> [Task description]: Nothing but a verbatim copy of the data, minus the images, should be returned.

> [Input data]:
- - - - - - -

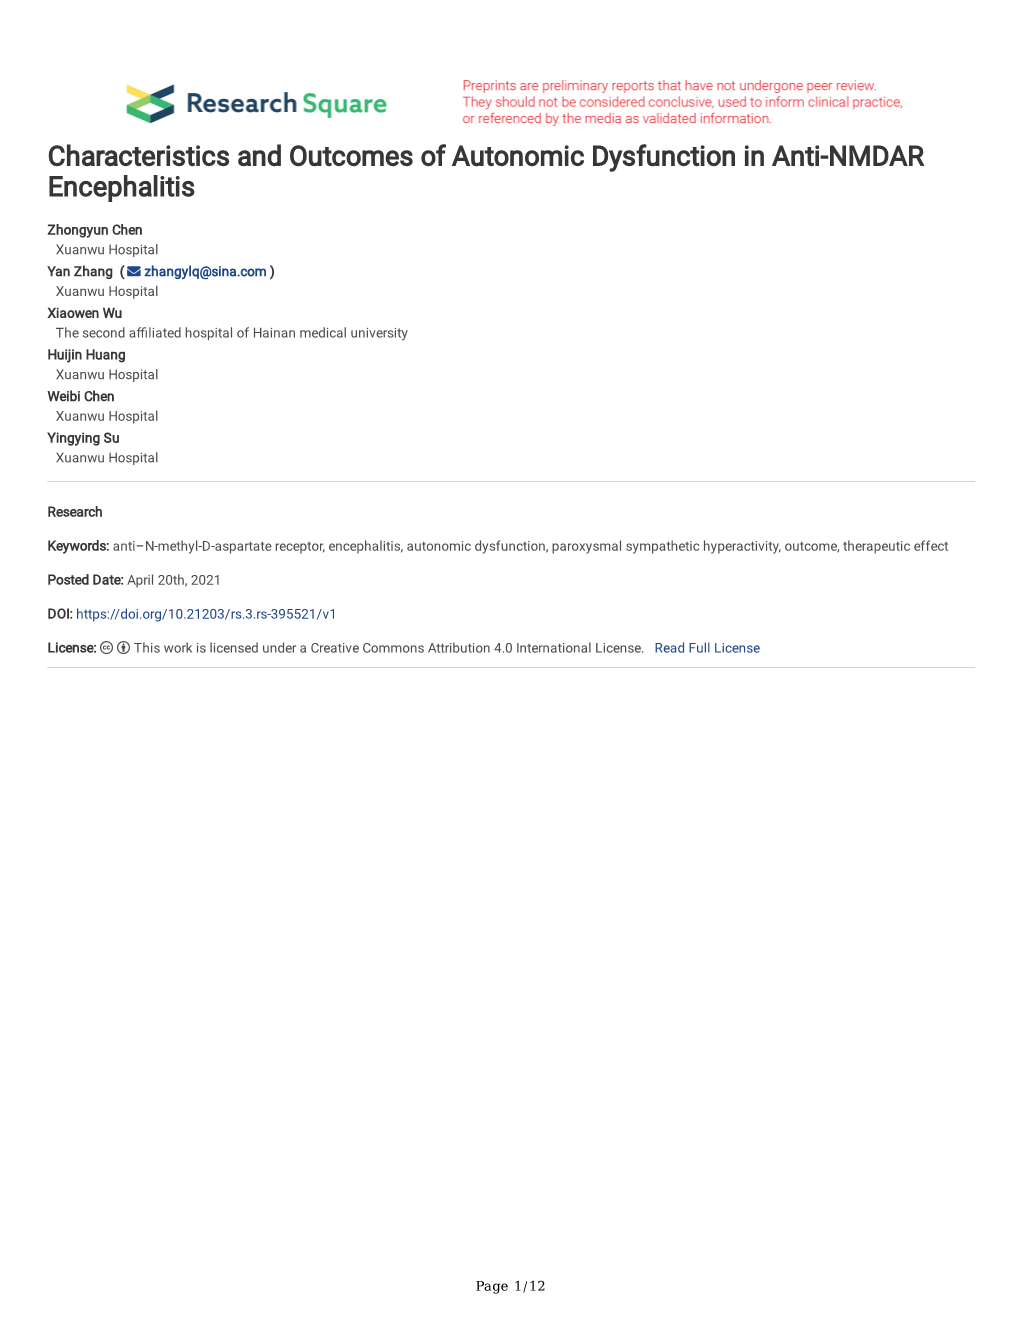 Characteristics and Outcomes of Autonomic Dysfunction in Anti-NMDAR Encephalitis
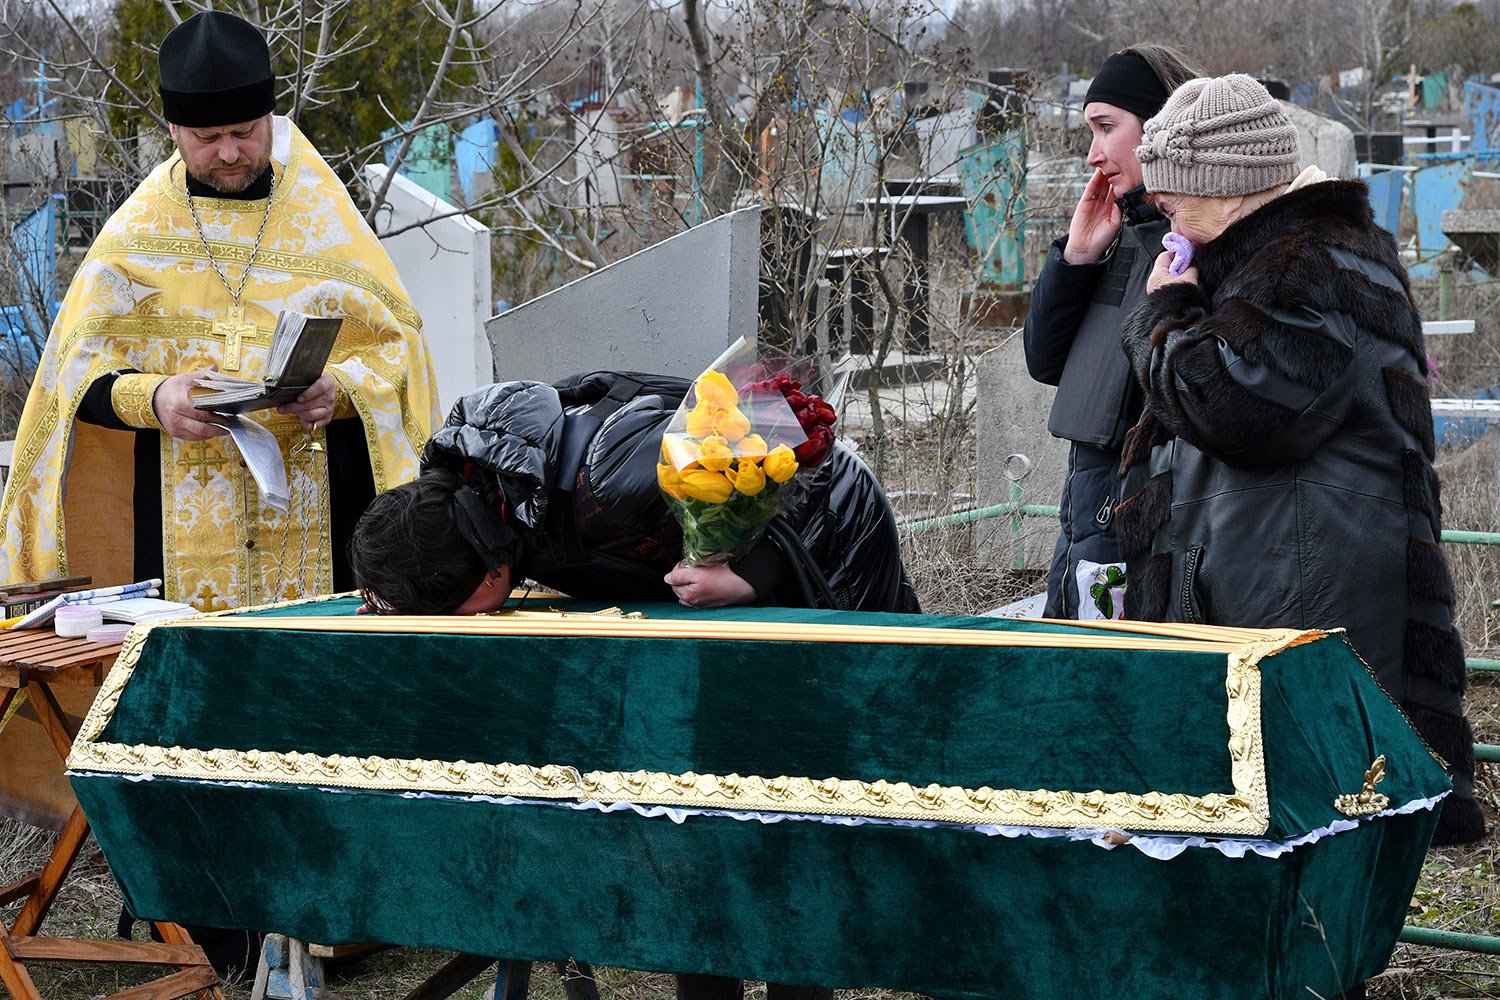  Relatives and friends stand near the coffin of Ukrainian serviceman Anatoly German during a funeral ceremony in Kramatorsk, Ukraine, Tuesday, April 5, 2022. Anatoly German was killed during fightings between Russian and Ukrainian forces near the cit
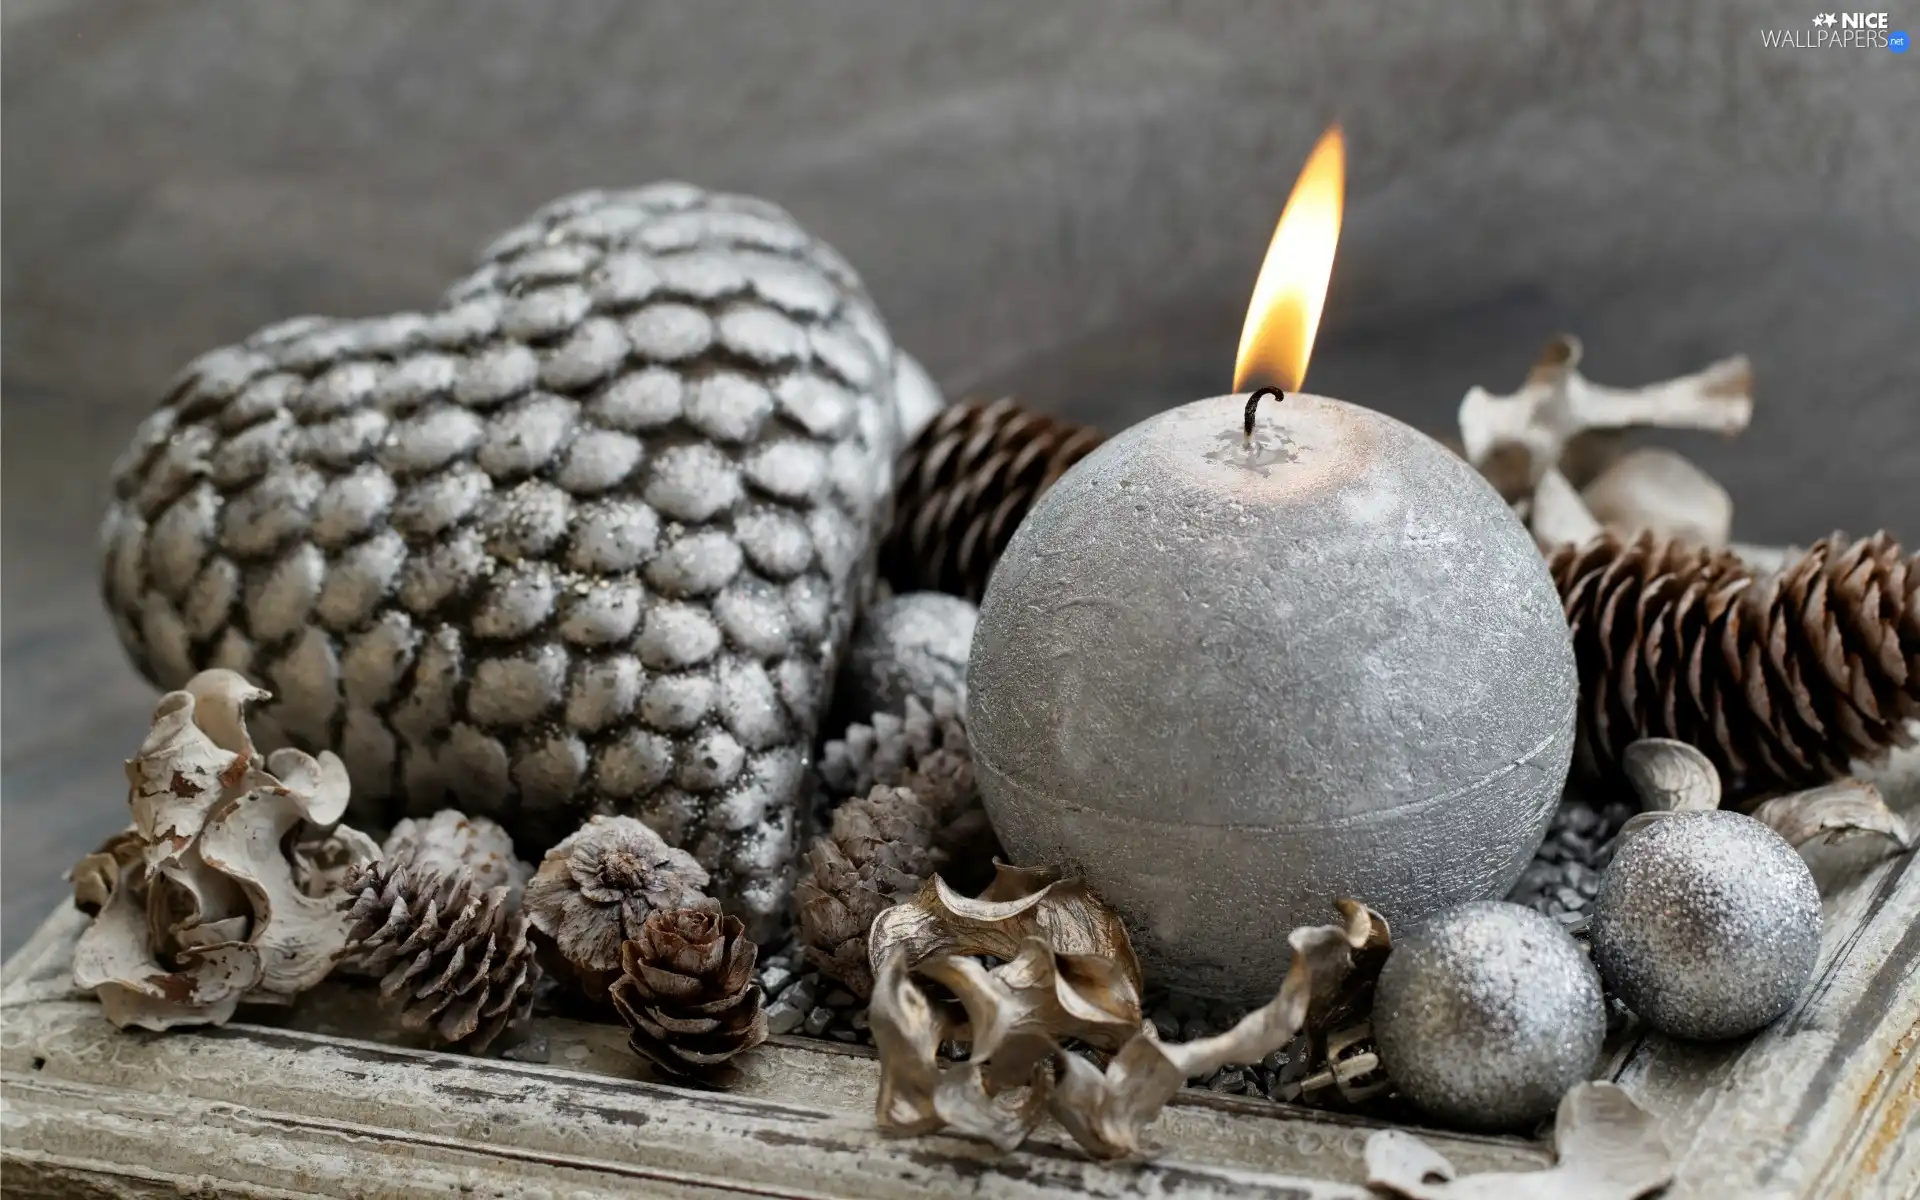 Heart, cones, Christmas, candle, decoration

- - - - - - -

> [Task response]:
 Characteristics and Outcomes of Autonomic Dysfunction in Anti-NMDAR Encephalitis
  Relatives and friends stand near the coffin of Ukrainian serviceman Anatoly German during a funeral ceremony in Kramatorsk, Ukraine, Tuesday, April 5, 2022. Anatoly German was killed during fightings between Russian and Ukrainian forces near the cit
 Heart, cones, Christmas, candle, decoration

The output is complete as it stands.